Король и королева находились теперь во дворце Хэмптон-Корт; принц и принцесса Уэльские также жили там. Для королевы не было ничего проще, чем осуществить свое намерение, если бы принцессе позволили оставаться в дворце до самых родов. Ей донесли, что принц говорил о своем желании, чтобы его жена рожала в Лондоне — в Сент-Джеймсском дворце. Королева была полна решимости предотвратить это, если сможет. Принцесса Каролина полностью разделяла убеждение своей матери в том, что принц Уэльский вполне способен подсунуть стране фальшивого ребенка; и в самом деле, король через некоторое время стал убежден в этом столь же твердо, как его жена и дочь. Было решено отправить королю послание принцу Уэльскому, содержащее нечто вроде королевского приказа о том, чтобы принцесса оставалась в Хэмптон-Корте до самых родов. Лорд Херви покачал головой на все это. Он не верил в фантазию с грелкой; и он был уверен, что в любом случае принц Уэльский сумеет вывезти свою жену из Хэмптон-Корта, если захочет этого. Что могло помешать принцессе отправиться в Лондон немного раньше срока, а затем сделать вид, что она там внезапно заболела, и заявить, что она не вынесет боли и опасности переезда? Лорд Херви повидал немало принца в прежние дни. У них были дружба, ссоры и окончательное отчуждение, и он довольно хорошо знал своего принца.

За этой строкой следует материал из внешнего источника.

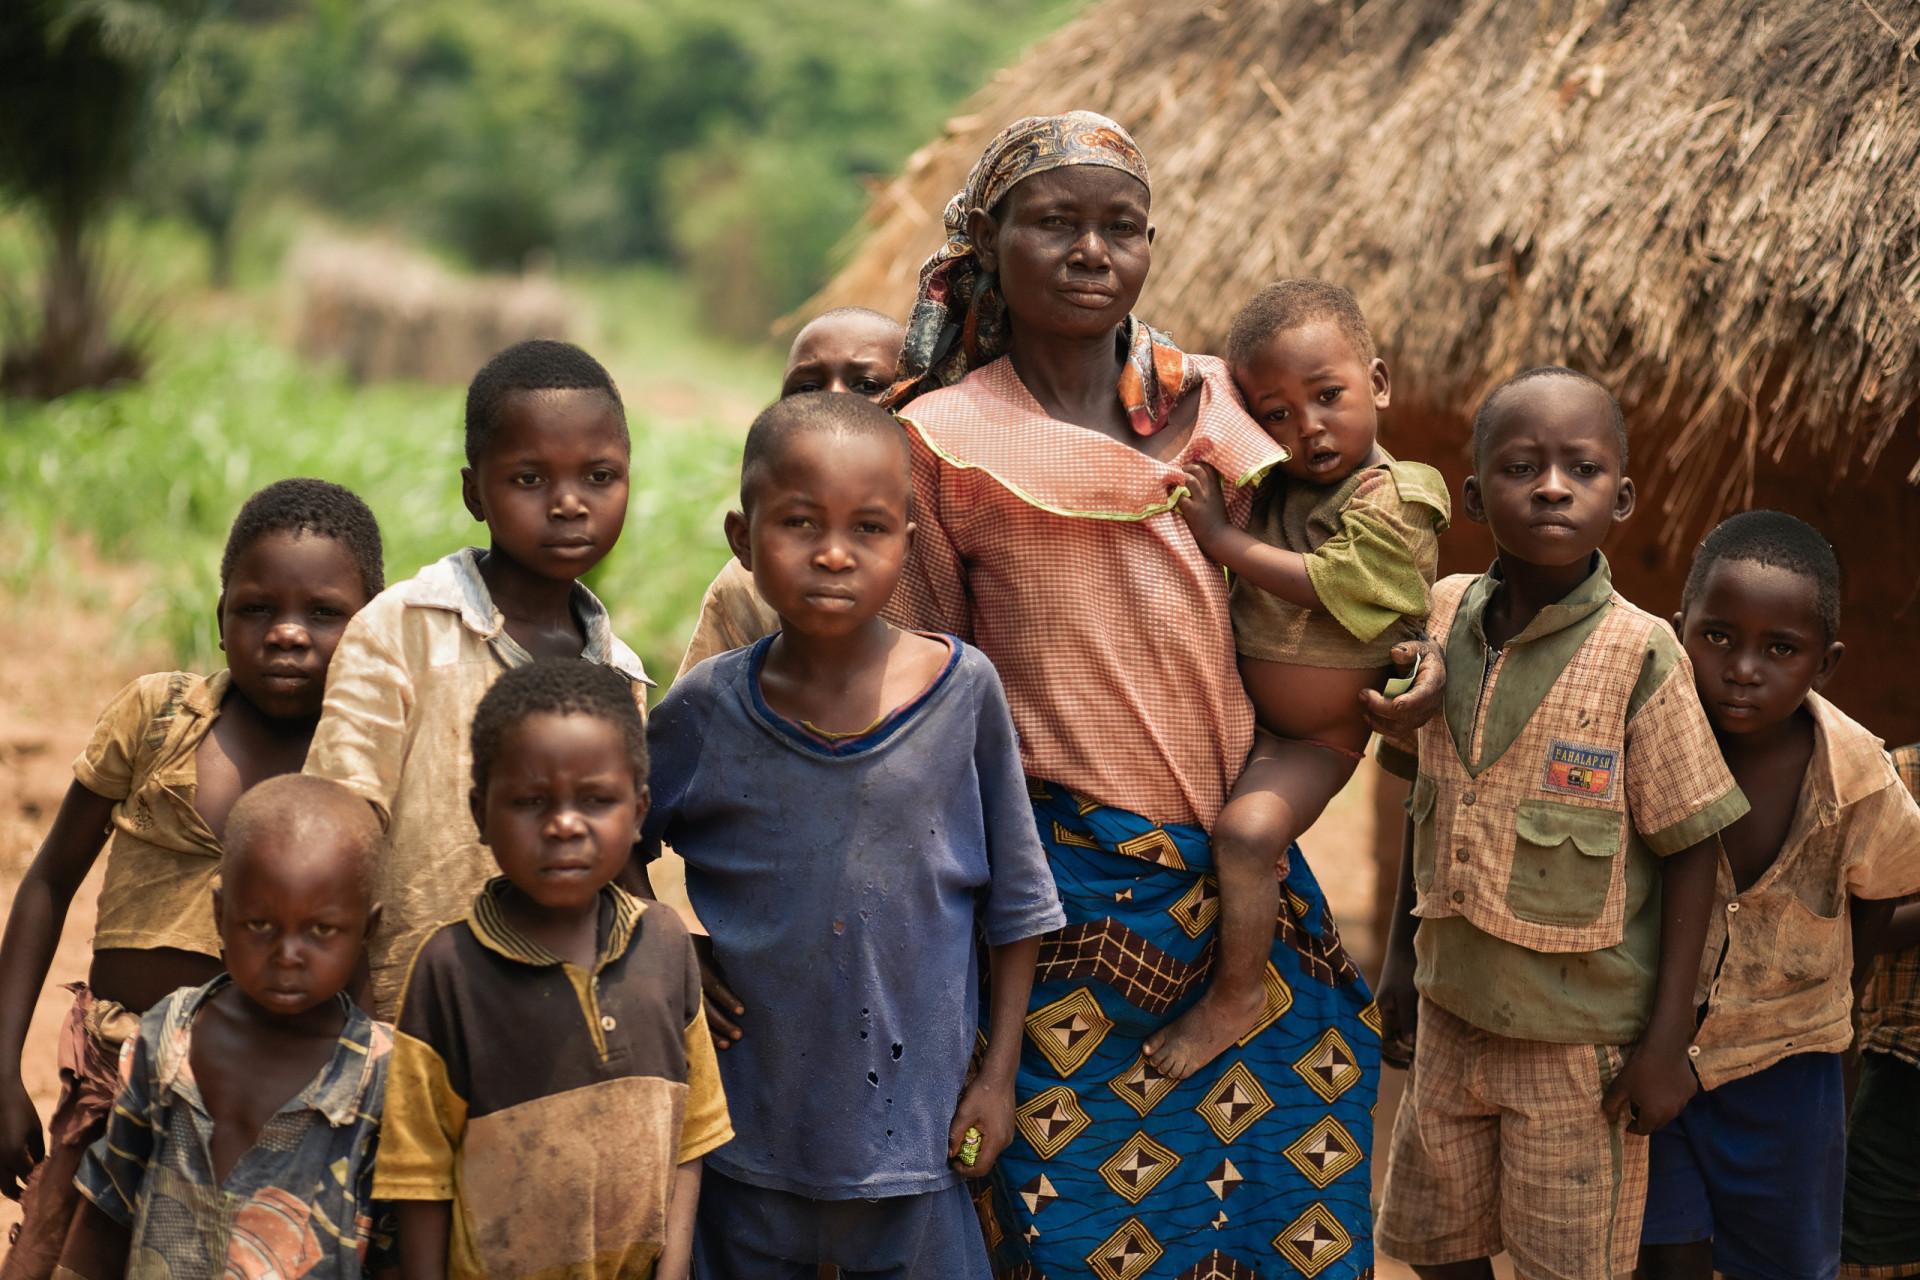 <p>Taux de fécondité moyen par femme : 5,56<br><br>La RDC est l'un des pays les plus pauvres du monde, ce qui signifie qu'un taux de fécondité élevé ne fait qu'accroître la pression sur son développement.</p><p>Tu pourrais aussi aimer:<a href="https://www.starsinsider.com/n/369314?utm_source=msn.com&utm_medium=display&utm_campaign=referral_description&utm_content=694226"> Un séjour en croisière, une bonne idée ?</a></p>

То, что предсказывал Херви, сбылось, но худшим образом, чем он осмеливался предсказать. Королева продолжала настаивать на том, чтобы Уолпол отправил приказ короля принцу. Уолпол продолжал откладывать это. Во-первых, {106} министру сообщили, что роды ожидаются в октябре, а на дворе стоял только июль. Очень вероятно также, что он разделял скептицизм Херви как относительно подложного ребенка, так и относительно возможности удержать жену принца в Хэмптон-Корте против воли принца. Королевский приказ так и не был отправлен.

[Боковая сноска: 1737—Привлечены соседи]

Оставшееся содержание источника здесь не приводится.